ABOUT THIS TASK:
Each line of the material must be repeated precisely, with the pictures left out.

THE DATA:

+++

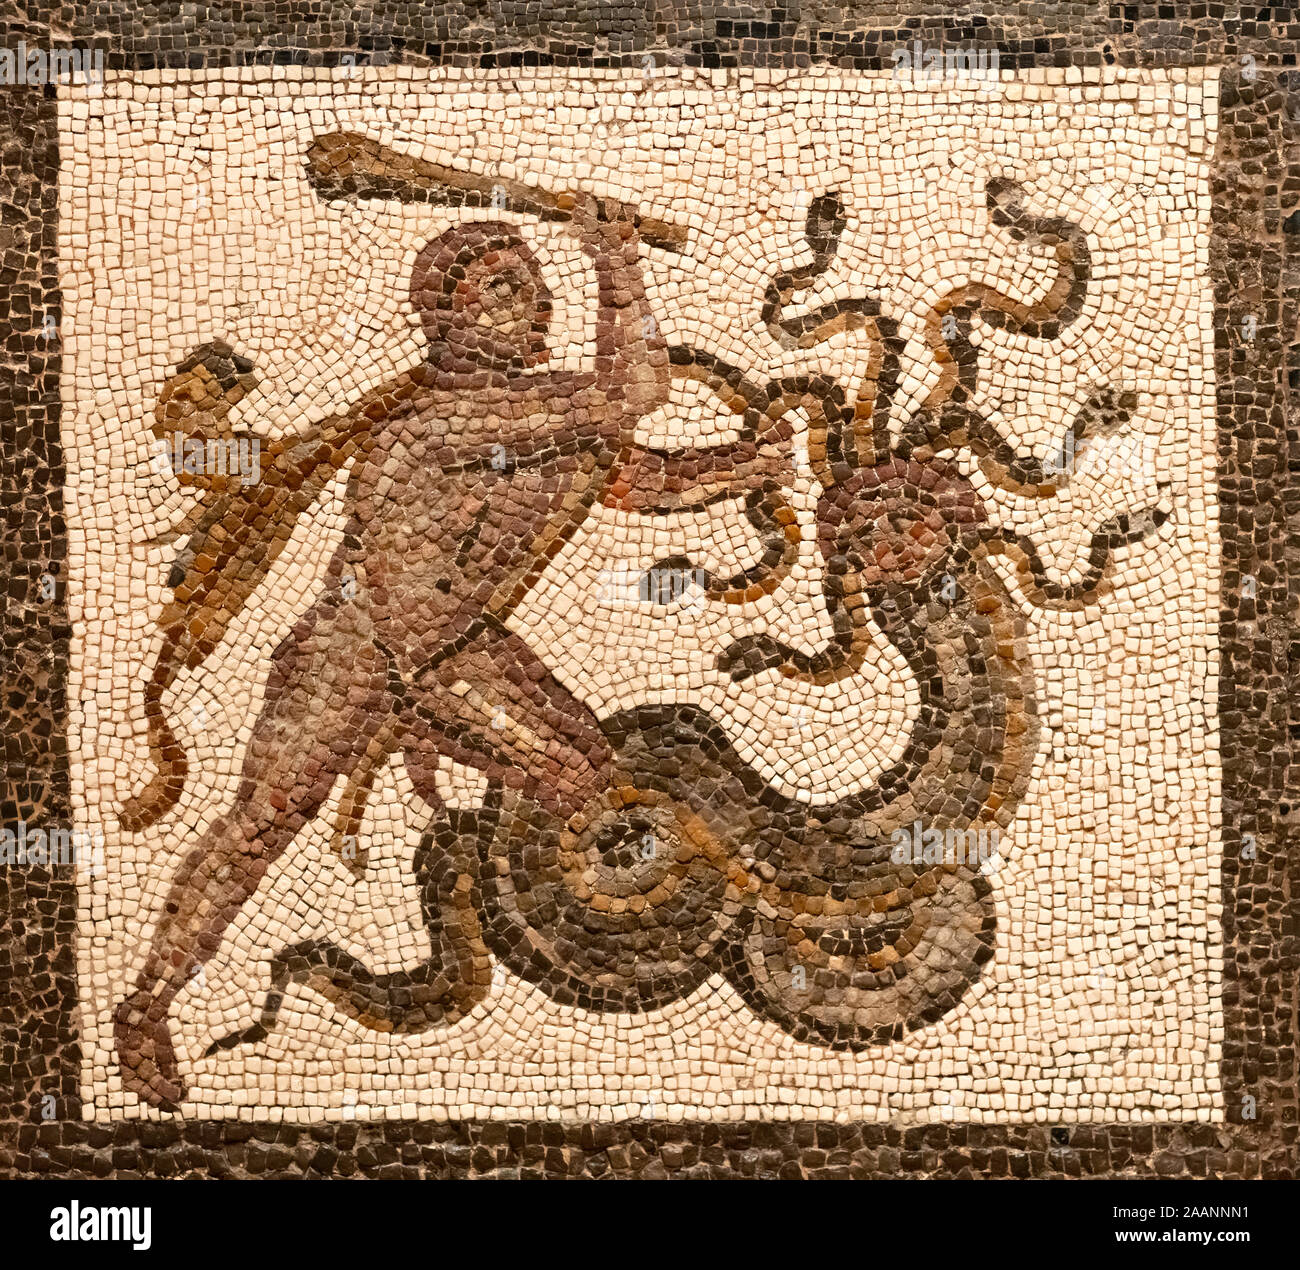 Mosaïque romaine représentant un dieu hercules le combat à la moster, schéma de couleur brune sur un fond blanc petites tuiles Banque D'Images
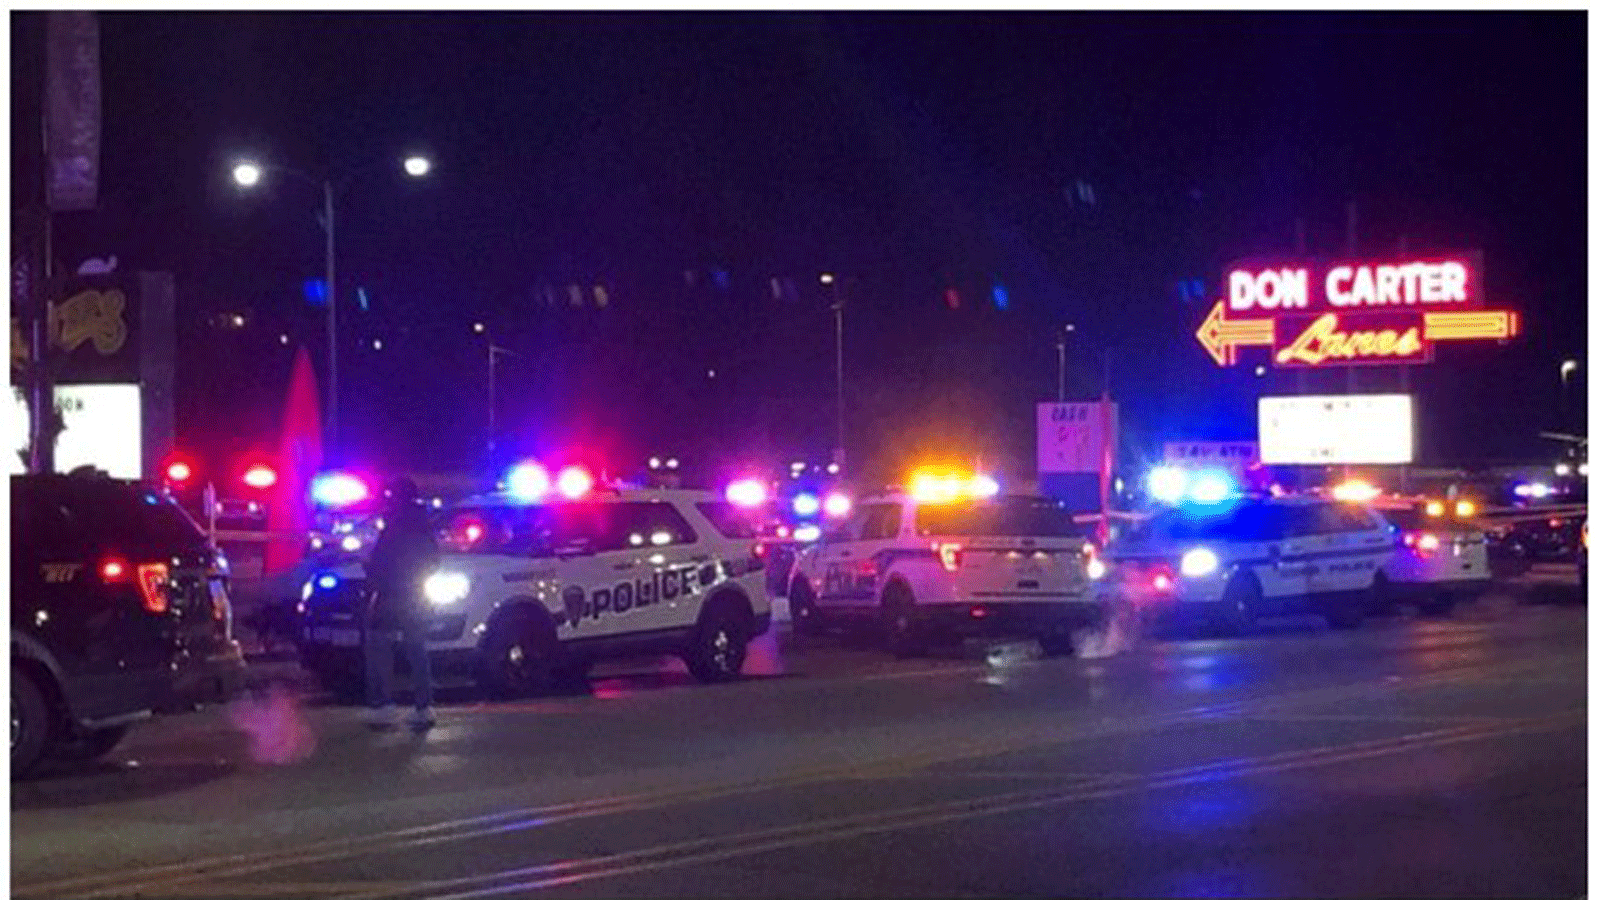 Xe cảnh sát tại khu chơi bowling Don Carter Lanes sau vụ xả súng. Nguồn: ABC NEWS
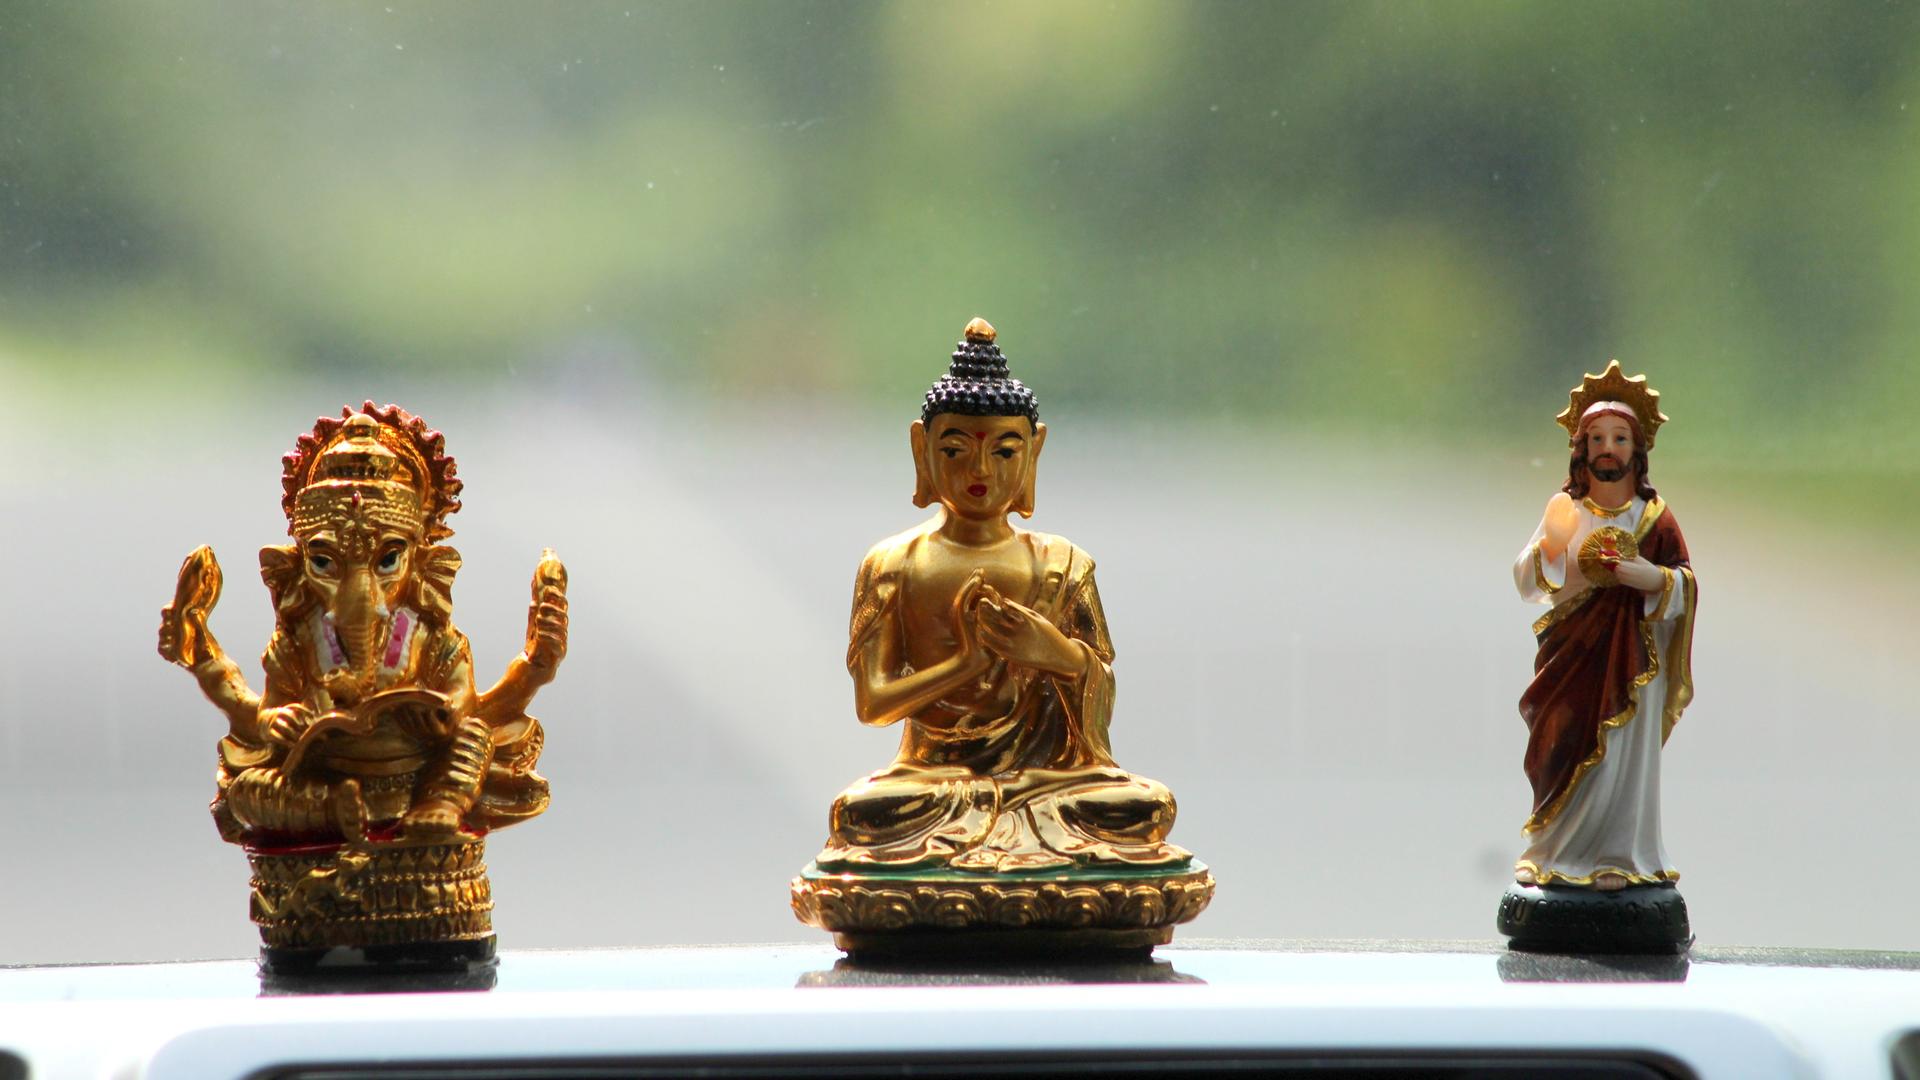 Drei Figuren unterschiedlicher Glaubensrichtungen, Hinduismus, Buddhismus und Christentum, stehen auf einem Autodach. Der Hintergrund ist verschwommen grün.

+++

ANSWER BOX:
 Mosaïque romaine représentant un dieu hercules le combat à la moster, schéma de couleur brune sur un fond blanc petites tuiles Banque D'Images
 Xe cảnh sát tại khu chơi bowling Don Carter Lanes sau vụ xả súng. Nguồn: ABC NEWS
 Drei Figuren unterschiedlicher Glaubensrichtungen, Hinduismus, Buddhismus und Christentum, stehen auf einem Autodach. Der Hintergrund ist verschwommen grün.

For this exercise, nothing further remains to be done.